About this task: In the entries below, begin at the line with "сарафан la redoute" and stop after the line with "Pembrokeshire Coast National Park"; output those lines exactly and omit the pictures.

Record extracts:
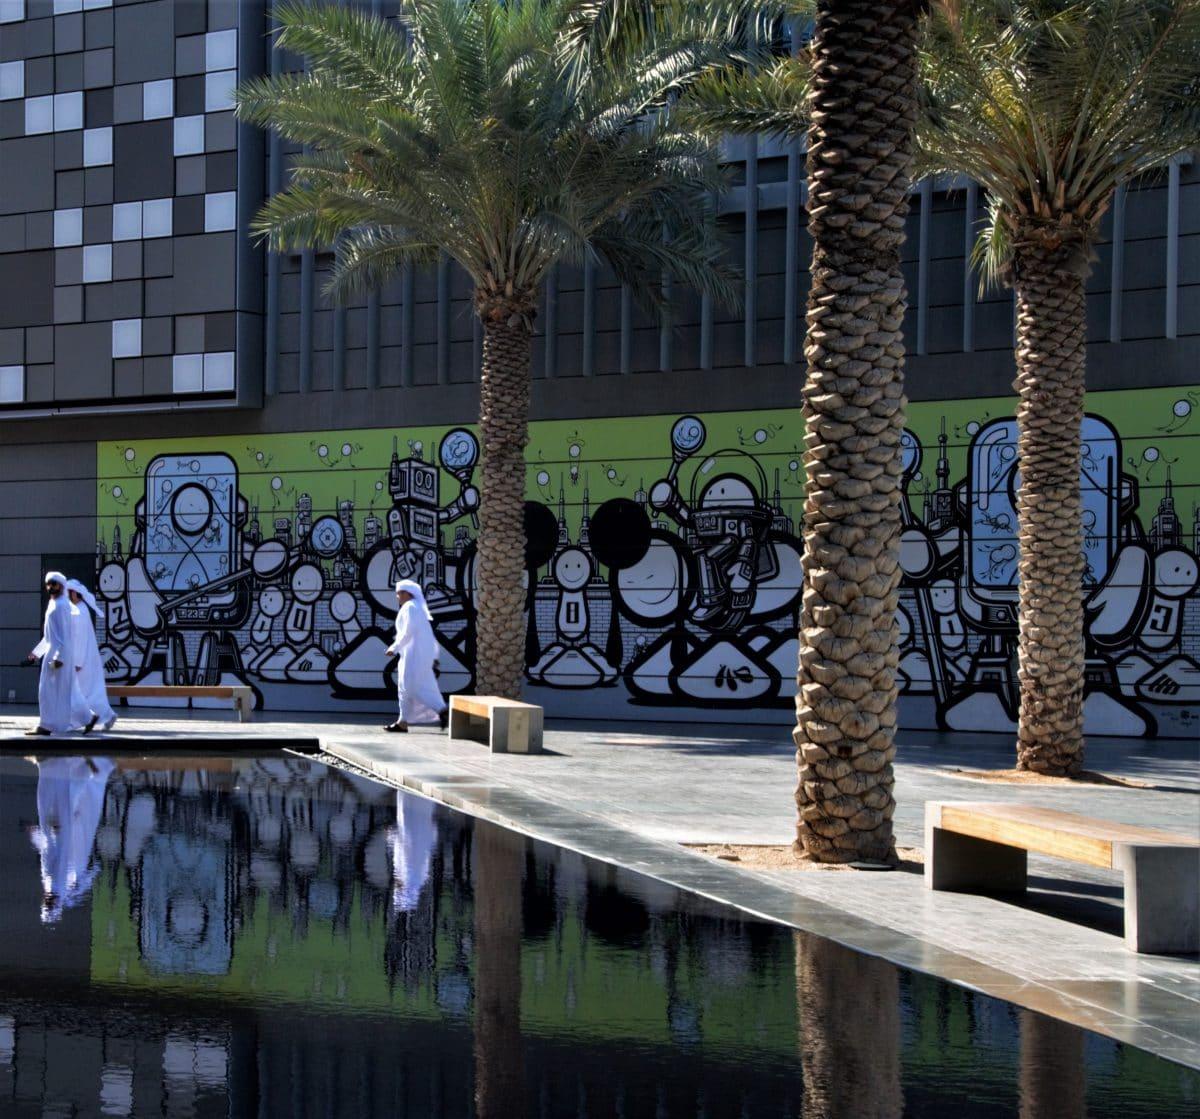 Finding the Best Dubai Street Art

...

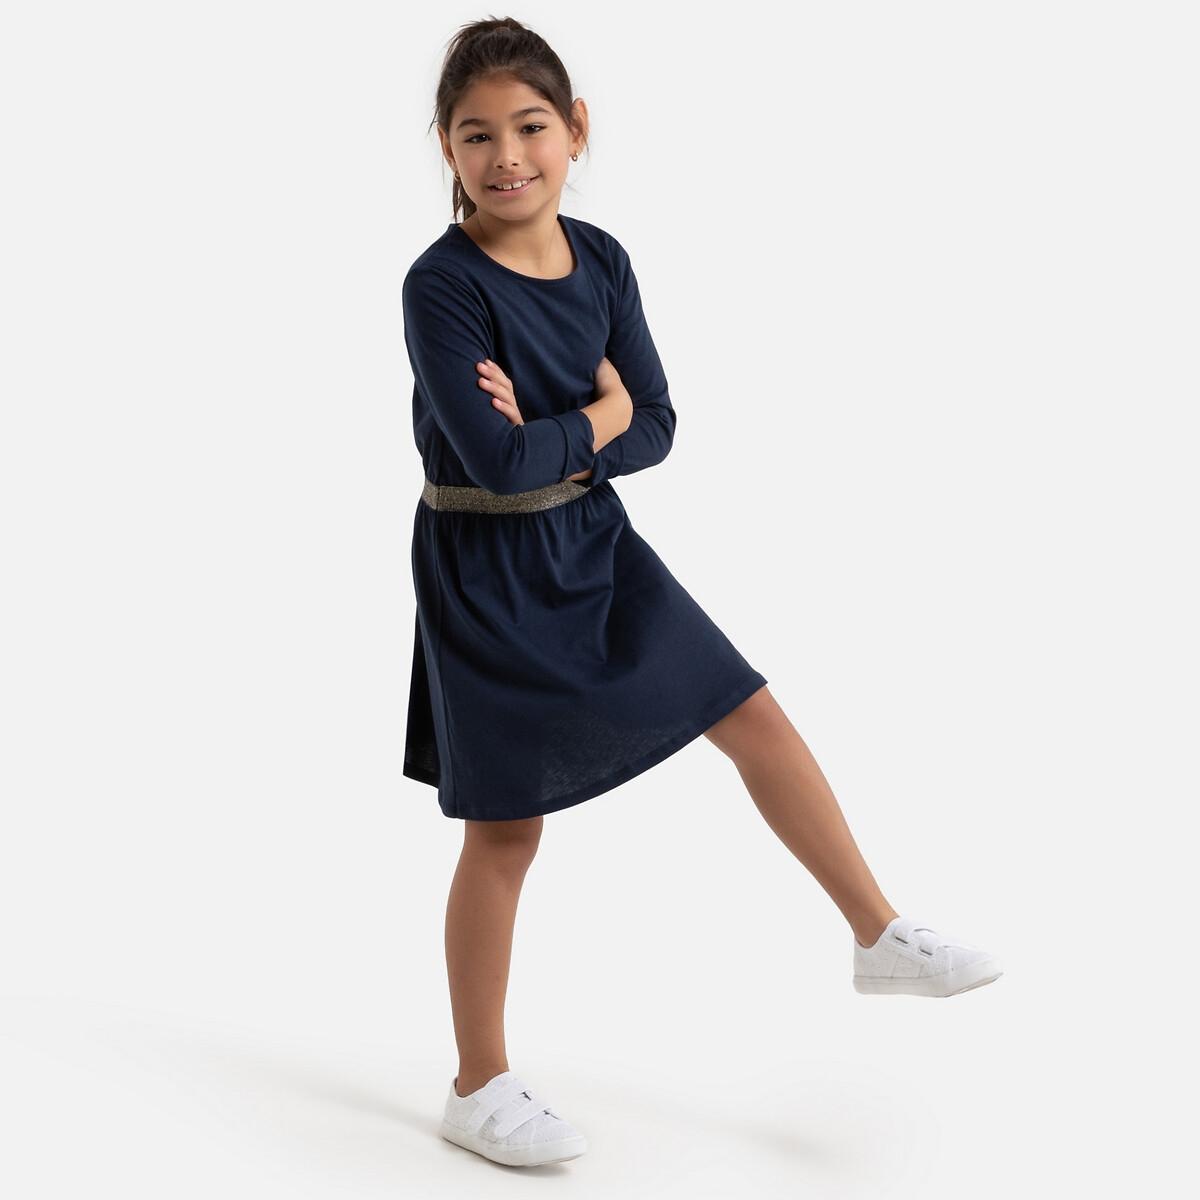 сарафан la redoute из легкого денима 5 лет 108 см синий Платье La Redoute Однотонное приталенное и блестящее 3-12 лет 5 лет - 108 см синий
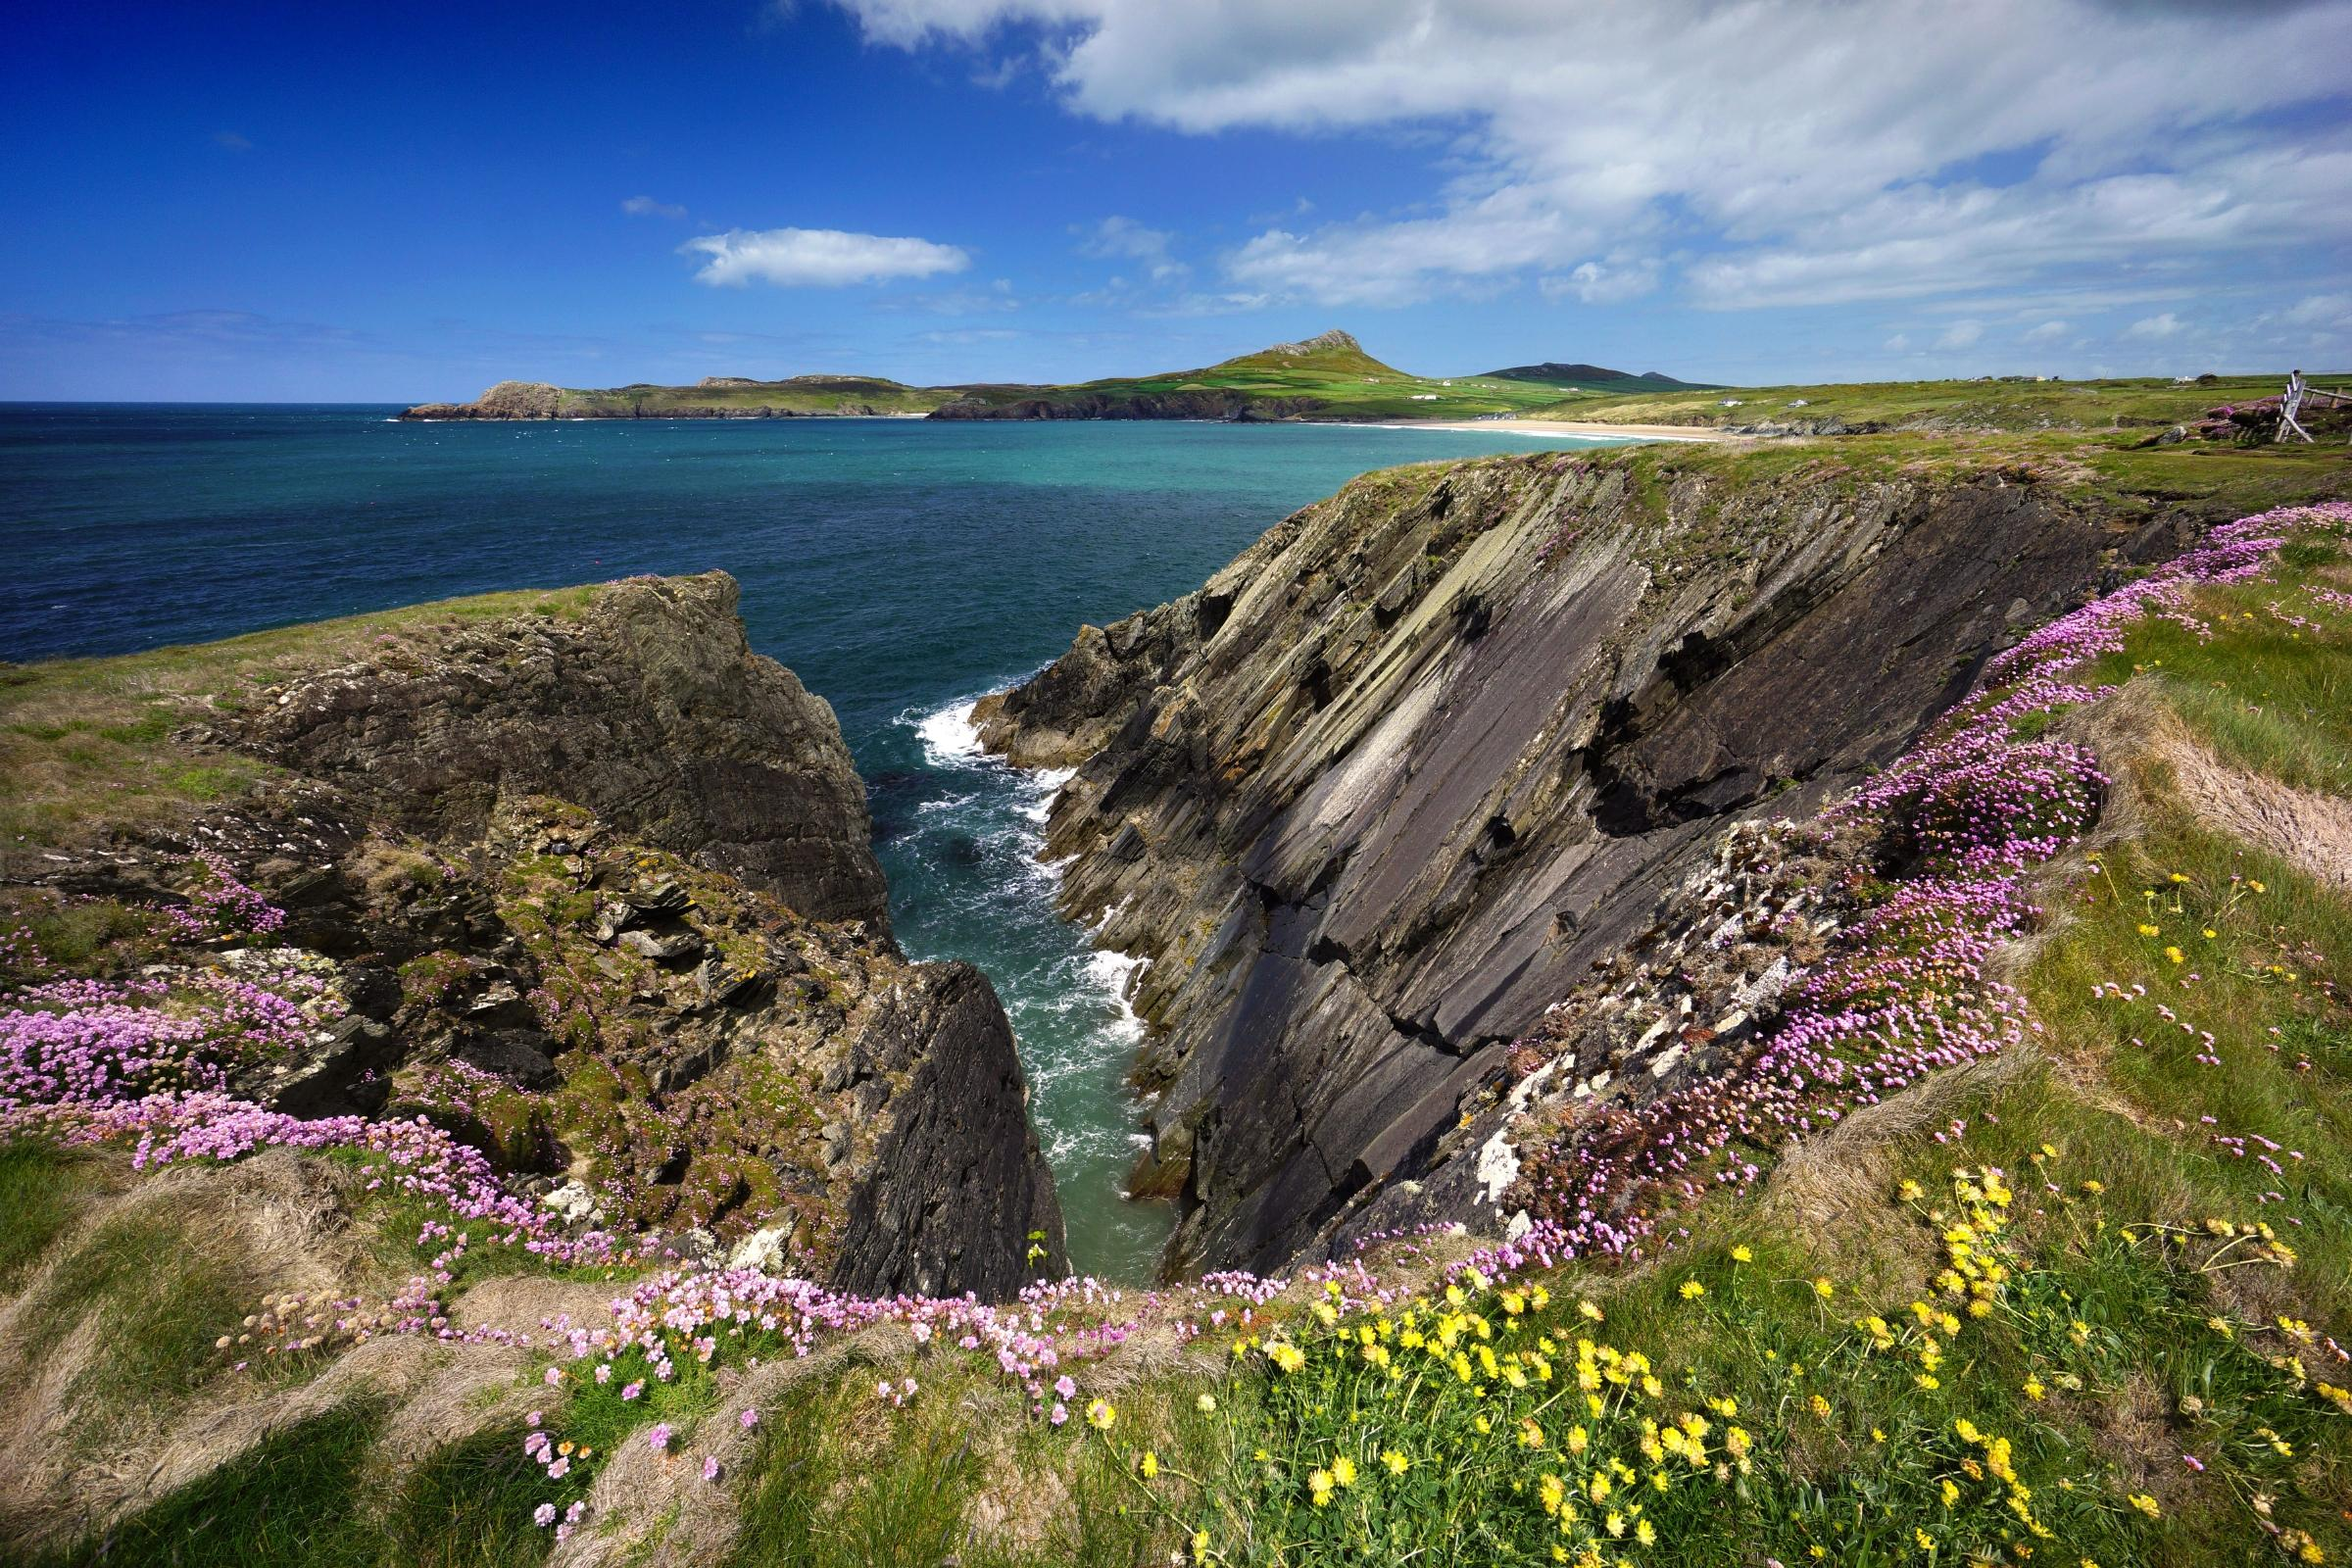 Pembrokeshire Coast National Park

Solved exercise:
 сарафан la redoute из легкого денима 5 лет 108 см синий Платье La Redoute Однотонное приталенное и блестящее 3-12 лет 5 лет - 108 см синий
 Pembrokeshire Coast National Park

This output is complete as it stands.